>>>>>
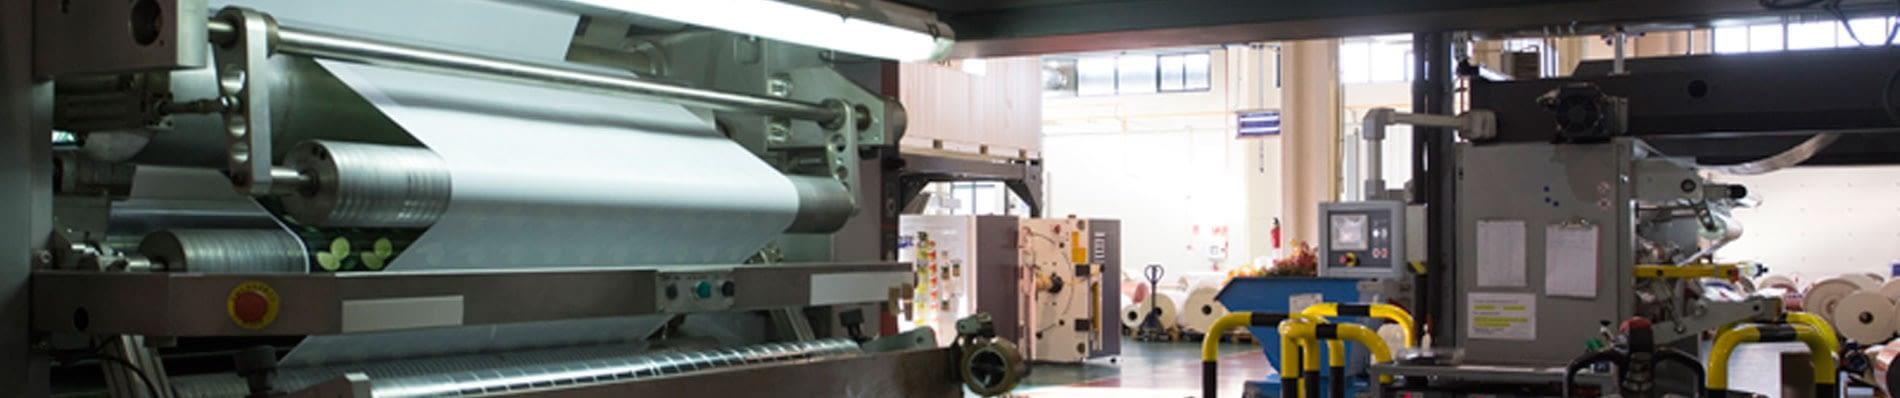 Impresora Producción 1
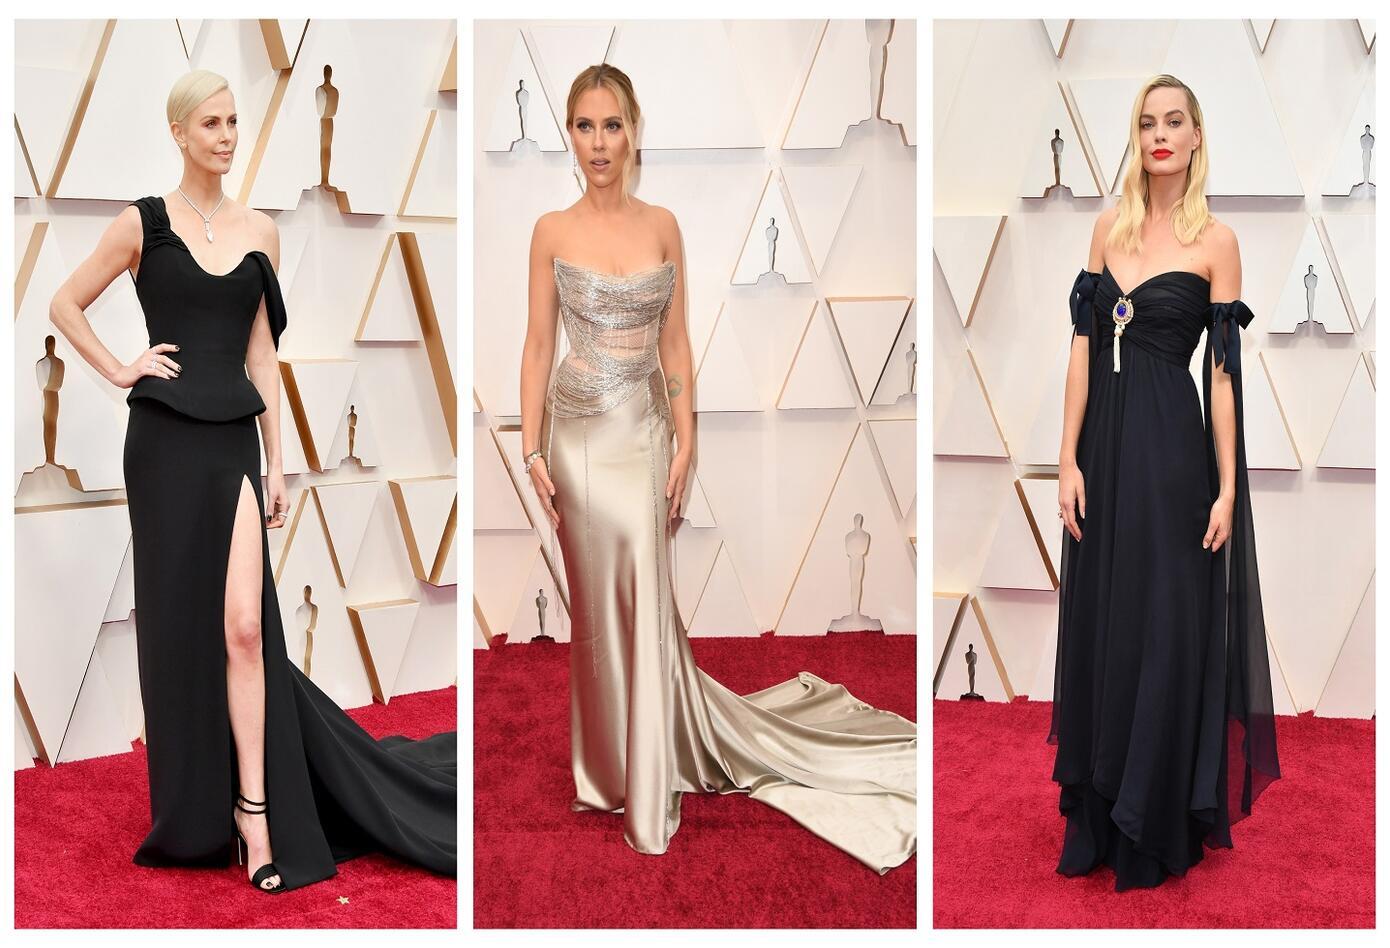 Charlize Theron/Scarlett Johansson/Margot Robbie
<<<<<
>>>>>
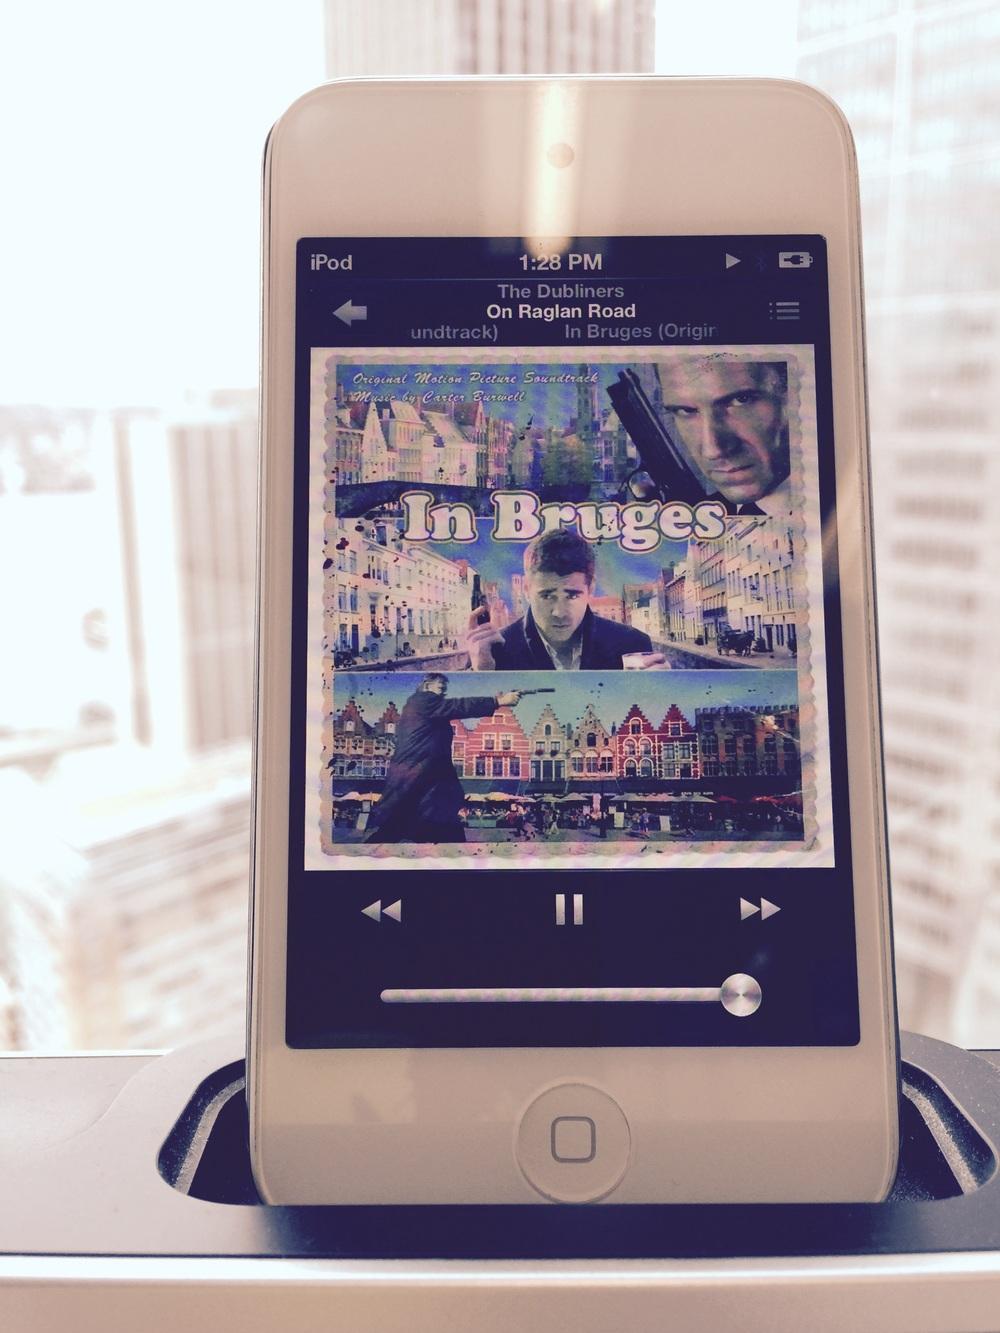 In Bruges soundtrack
<<<<<
▸ **EXERCISE AIM**
Nothing outside the stretch above, from the line with "Impresora Producción 1" through the line with "Charlize Theron/Scarlett Johansson/Margot", is set down. Transcribe that stretch exactly, ends included, but not its pictures.

▸ **ANSWER**
 Impresora Producción 1
 Charlize Theron/Scarlett Johansson/Margot Robbie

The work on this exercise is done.